Sometimes we can be the script writer for our own disaster movie. Our fears, worries, obsessions all are generations of energy in our bodily systems, radiating out from our brain. These energies circle around our energetic aura, which is the sealed bubble in which we live. Over time, the energies that occupy that bubble, that are generated and produced by us, can have an effect on cellular formation and genetic replication. As it has been said, we become what we think about. (At the end of this post there are instructions and a link to download this recording to your computer.)
Jeane: Well, since I’ve had this bad cough it’s interfered with my being able to really go deeply in meditation. And it seems to have disrupted my dreaming a little bit, too.
And all I remember of my dream last night is it felt like, because I’d watched some disaster movie, then my dream was about a disaster where there were shifts in the earth. And I’d been called to become part of a group that was going to work, we’d go sit in a circle, and we’d be consulting about what we’re going to do to help with the changes during the disaster.
So I’ve gone to this building, I note that one of the people that’s supposed to be there hasn’t arrived for the meeting. There’s a sheriff at the meeting; there’s other types of officials.
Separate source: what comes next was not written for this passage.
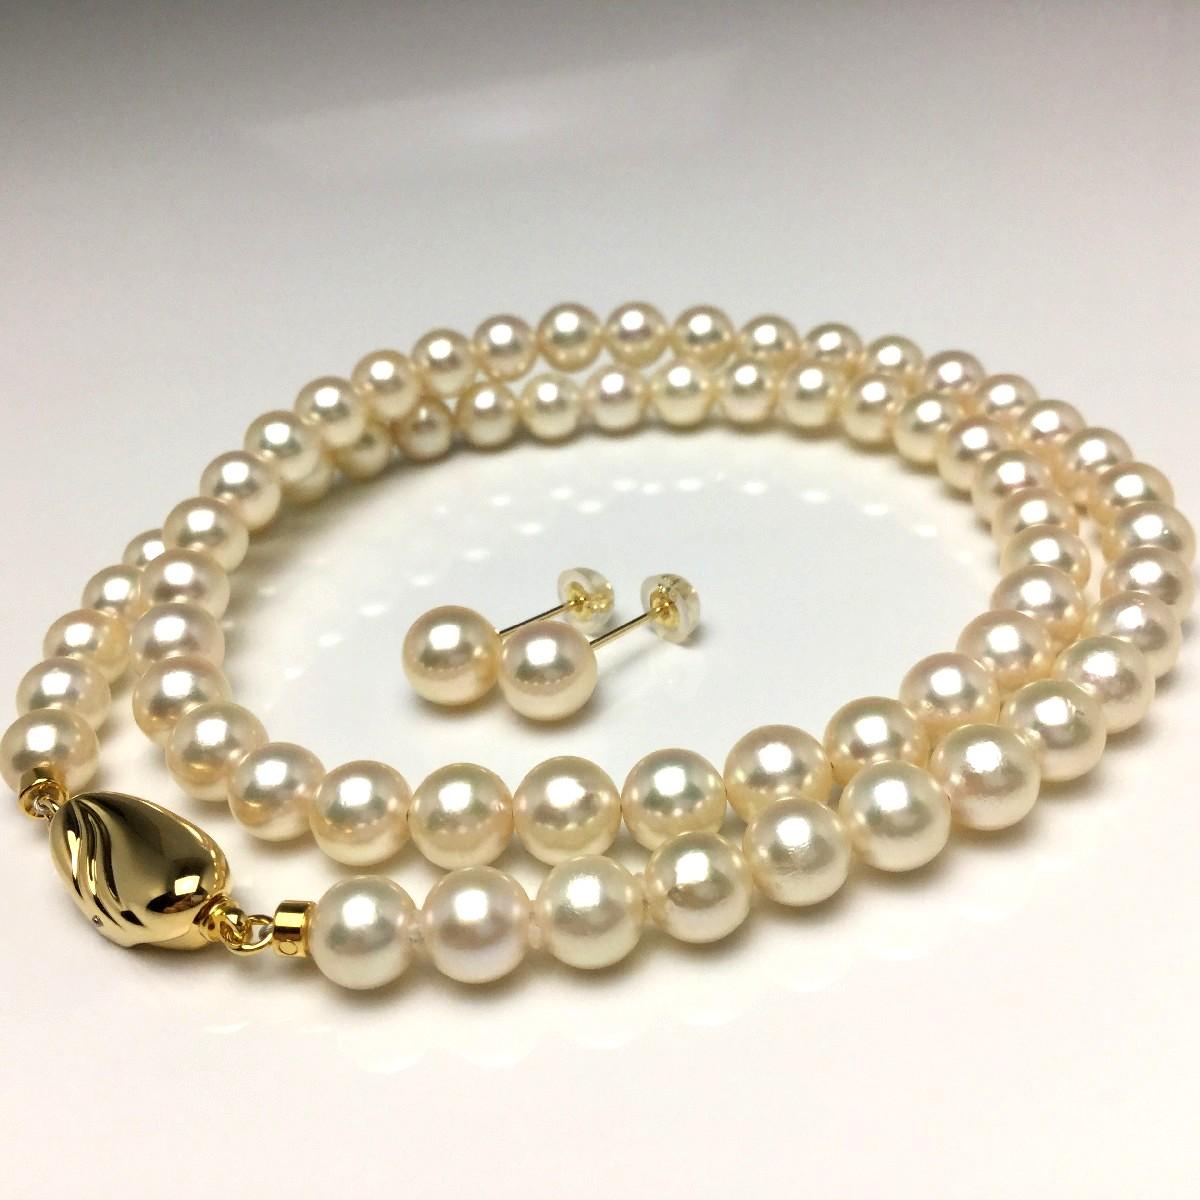 真珠 ネックレス パール アコヤ真珠 ピアス セット 6.0-6.5mm シャンパンゴールド シルバー クラスップ 66952 イソワパール

I notice that someone is pleased that I actually know the name of someone who isn’t there – he’s the son of someone I knew in high school that is going to participate because he’s part of the local community. So even though he’s not there, I seem to know his name. And I’m still trying to figure out what people’s roles are, so I’m being a little quieter.
But I’m also realizing that there’s some disagreement, or maybe what I’d call lack of awareness, among people about like, during a disaster, that there’s going to be movements of the earth that disrupt people being able to communicate with each other. And some people think that’s minimal and are ignoring it and not planning for it. And other people seem to have some awareness of it, but they think it’s going to be more controlled or manageable, like it is in the movies.
And I’m kind of sitting there and thinking, you know, they just really have no idea because that will be a major disruption to even being able to meet. And I seem to want to go out and explore that a little; I want to actually go out and look and see how much disruption there is to the travel and communication with whatever disaster is going on. And that’s the main dream.
John: It’s like a type of flickering back and forth, too, only in this particular instance it’s kind of like you’re carrying some sort of answer, or question, rather, a question in terms of this or that.
I can’t help but octave and wonder what it would be like if your sense of looking at what’s going on here was such that you couldn’t really make any significant identification. So, in other words, you’re still trying to identify and rationalize in something, but what if you can’t make any strong identifications of this having some sort of significance in terms of what something is going to be like, or whatever?
What would that be like? Would you suddenly then be able to let go of a certain way that something is intensified in terms of having to unfold? And, by letting go, would you thus be able to take on a greater overallness, or wholeness to things, as opposed to the commotion of stuff that’s going on, the antics of stuff that’s going on?
So it looks like you’re playing on some sort of margin of which, you might say, you have the question, and then you have the 60%-70% margin of whatever it is, that’s propounded out there for you to be looking at in terms of paying attention to. And another way of saying it is that I can’t help but wonder how you would ponder this if it was flipped the other way? And that what’s going on out here is like 40%. And what’s going on inside it’s like 60% or 70%. And that you realize that attention, too much dwelling on stuff out here goes nowhere. If anything, it tears something down. It helps to perpetuate a fabrication of something that isn’t properly balanced or correlated to what is simple on the inside, which is just the stillness, just a real interesting quietness.
But the word stillness doesn’t quite catch it. It’s a peacefulness. And the peacefulness doesn’t quite catch it because what it really kind of is, it’s as if what’s going on in the outer is some aspect of something that has gotten detoured, or lost, that’s broken away from the whole, that’s gotten misaligned.
And so it’s like a disease in the body’s soul, and that it has a way of being infected and staying infected, and infecting at the same time, but this is only so when the attention is placed upon the disease. If you took the attention off of the disease, everything goes into kind of a very soothing state. The disease is a manufactured fabrication of a tone, or a mood, in which something is scrambling to get its act back together or something.
And so as long as one’s attention has to be so much so in terms of the outer and what is going on in its whiplashing this way, and that way, and that predominates, then, how do you keep from always contending with some sort of fidgetation game? Because if you’re kind of coming out of some other deeper place in which none of that exists, this all seems very strange.
And it seems very surreal. It only seems to be possible when you imagine it to be so. And we imagine it to be so with our kind of neurotic mannerisms or whatever that we buy into, so much of the time, that it’s the other that is strange to us, it’s the other than is foreign to us. And that this seems quite common to us.
We’re meant to be connected to this other, and to bring this other in, and through, in terms of what is real, and we’re not doing it because we’re caught up in this deviation.